In today’s Supreme Court decision regarding National Rifle Association of America v. Vullo, the key issue centered on whether a New York state regulator’s actions violated the NRA’s First Amendment rights.
Specifically, the case examined whether Maria T. Vullo, then Superintendent of the New York State Department of Financial Services, unconstitutionally used her political power to coerce banks and insurance companies into no longer doing business with the NRA due to its stance in favor of gun rights.
This is an issue that gun rights advocates have feared for some time, as anti-gun politicians see this as a way to freeze pro-gun organizations out of the marketplace. For example, gun stores have found it increasingly difficult to find insurance companies, credit card processors, and even secure banking services.

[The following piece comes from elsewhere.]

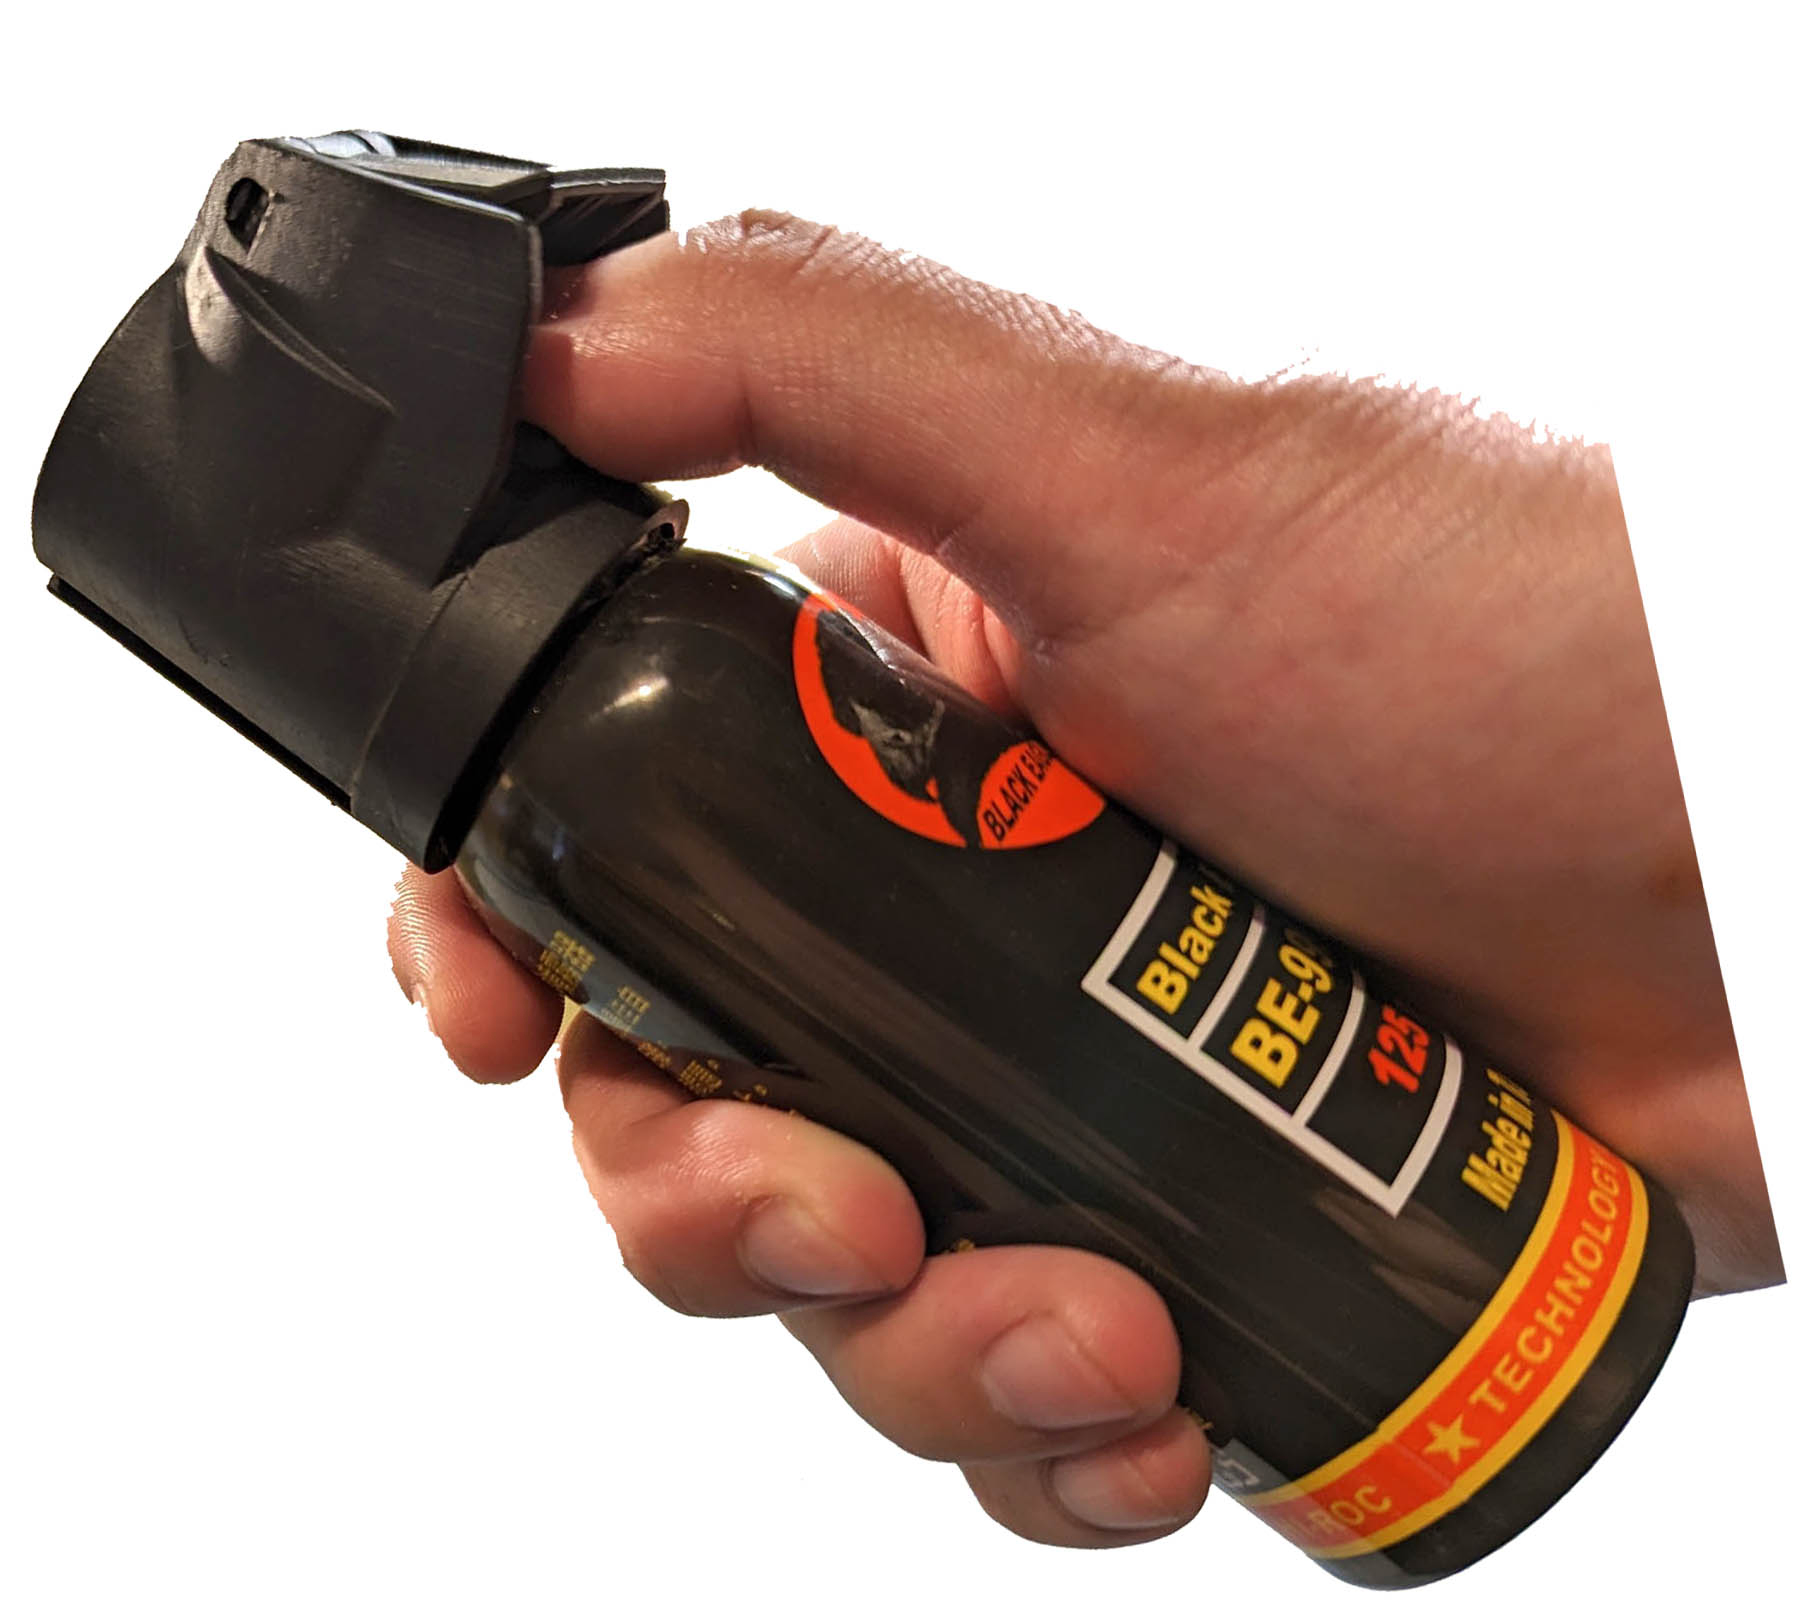 黑鷹-直射式雷射瞄準辣椒水噴霧器(水柱型)

In a strong rebuke to Ms. Vullo’s position, the Supreme Court ruled unanimously in favor of the NRA, finding that Vullo’s actions constituted a clear violation of the First Amendment. The Court determined that the regulator’s efforts to influence financial institutions to sever ties with the NRA, based on the organization’s protected speech, were coercive and therefore unconstitutional.
The decision, written by Justice Sotomayor, hits the key issue and the holding in the first paragraph:
Six decades ago, this Court held that a government entity’s “threat of invoking legal sanctions and other means of coercion” against a third party “to achieve the suppression”
of disfavored speech violates the First Amendment. Bantam Books, Inc. v. Sullivan, 372 U. S. 58, 67 (1963). Today, the Court reaffirms what it said then: Government officials
cannot attempt to coerce private parties in order to punish or suppress views that the government disfavors.
This important ruling sets a strong precedent limiting the extent to which government officials can pressure private companies to act against organizations based on their advocacy positions and will provide a framework for challenging other state and federal agencies should this method of cutting off services to the firearms industry continue.